2013 Annual Report
1a.Objectives (from AD-416):
The primary objective of this proposal is to identify genes related to tolerance to phosphorous (P) deficiency in sorghum, with a focus on homologs of the rice phosphorous uptake efficiency gene, Pup1, in sorghum. Once sorghum P efficiency genes are identified, this information and new knowledge will be transferred to the Sorghum Molecular Breeding (SorghumMB) project for deployment into breeding programs. This project is based on the work of an interdisciplinary research team from Embrapa (Brazil), USDA-ARS at Cornell University in Ithaca, JIRCAS in Japan, IRRI in the Philippines, Moi University in Kenya, ICRISAT in Mali and Niger, and INRAN in Niger. The findings from this research sets the foundation for a molecular breeding program targeting marginal soil areas in southern Mali, Niger and Kenya and other areas of Sub-Saharan Africa to improve food security and farmer’s income.
The specific objectives are:
1. Identify homologs of rice Pup1 that are associated with traits related to P deficiency tolerance in sorghum and also clarify the role of the sorghum Al tolerance gene, SbMATE, in tolerance to low P.
2. Validate genes associated with P deficiency tolerance in sorghum.
1b.Approach (from AD-416):
This project will undertake a comparative genomics strategy based on association analysis to validate the role of sorghum homologs of Pup1 as bona fide P deficiency tolerance genes. Here, Pup1 validation in sorghum will be done within a molecular genetic framework that should allow for the isolation of other P deficiency tolerance genes and their pyramiding in sorghum for exploring additive effects. In addition, this same platform will be used to study a possible role of AltSB in improving P acquisition in sorghum. This project sets the foundation for a molecular breeding program targeting marginal soil areas in Mali, Niger, Kenya and other African NARS to improve food security and farmer’s income.
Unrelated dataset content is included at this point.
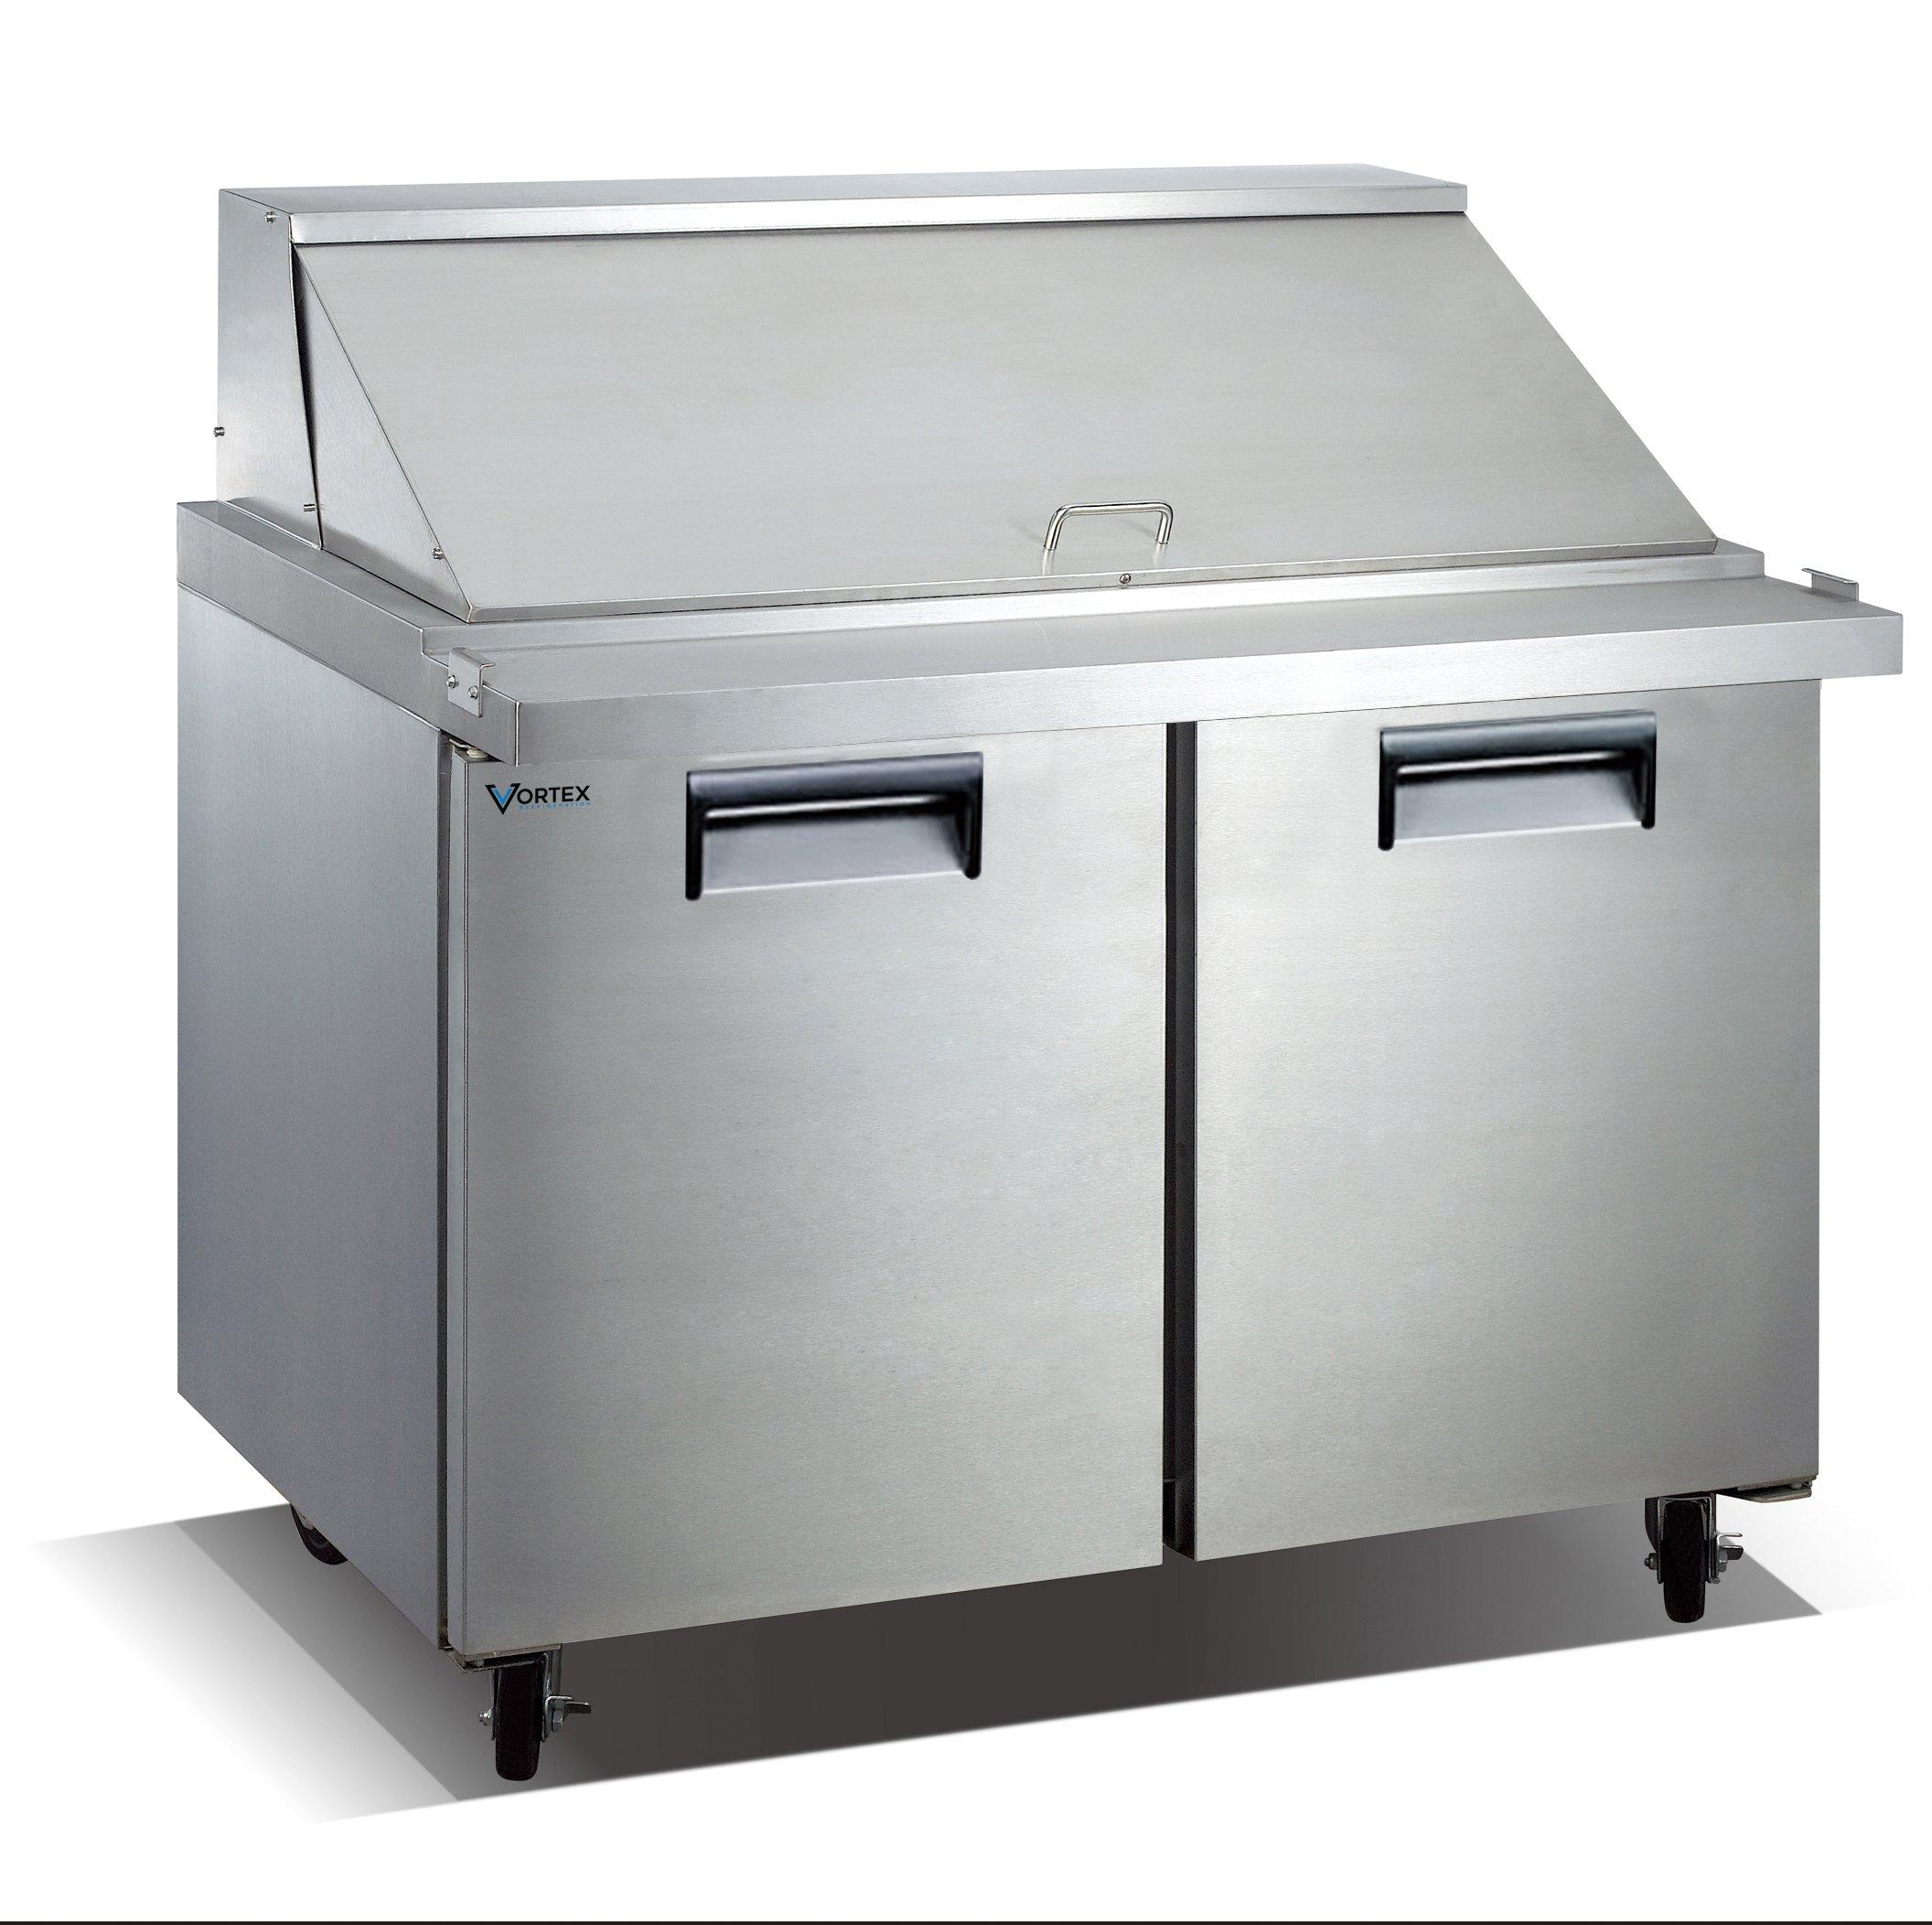 Vortex Refrigeration Commercial 2 Door 48'', 18 Pan Mega Top Sandwich Prep Table - 12.5 Cu. Ft.

In FY 2013, we improved upon an experimental system we developed and use to image whole root systems of crop plants to quantify traits that describe different aspects of the shape of the root systems, which is called root system architecture. The original system, which we have named RootReader3D, is for the high throughput imaging of root systems in 2D and reconstructing those images into a 3D representation of the root system. The RootReader 3D system then automatically quantifies 20 different root system architecture (RSA) traits that quantify both total root system growth and growth of individual root types, as well as the shape and form of the entire root system. This allows researchers to quantify RSA traits associated with deeper root systems or more shallow and wider root systems that might be more effective for acquiring nutrients such as water and nitrogen that move quickly through the soil (deeper root systems) or nutrients such as phosphorous that interact more with soil components and thus tend to move slowly through the soil and accumulate in the top soil (shallow root systems). Our initial system used plants with their roots grown in glass cylinders containing gelled nutrient media, in order to capture the 3D RSA. We found that roots of certain plant species did not grow optimally in this gel media and the research was limited to fairly small volume cylinders and thus young root systems. Therefore an improved growth system was developed where roots are grown in nutrient solution using a series of fine plastic grids spaced at vertical intervals, allowing the roots to grow freely while the grid maintains the 3D architecture of the root systems. This new growth system opens up many more avenues for our RSA research, as it enables the study of a much larger number of crop species, the imaging of root systems of significantly older plants which allows for the study of more fully developed root systems. With the new system, we are currently studying RSA in a wide range of plant species, including corn, sorghum, cucumber, and turf grass species.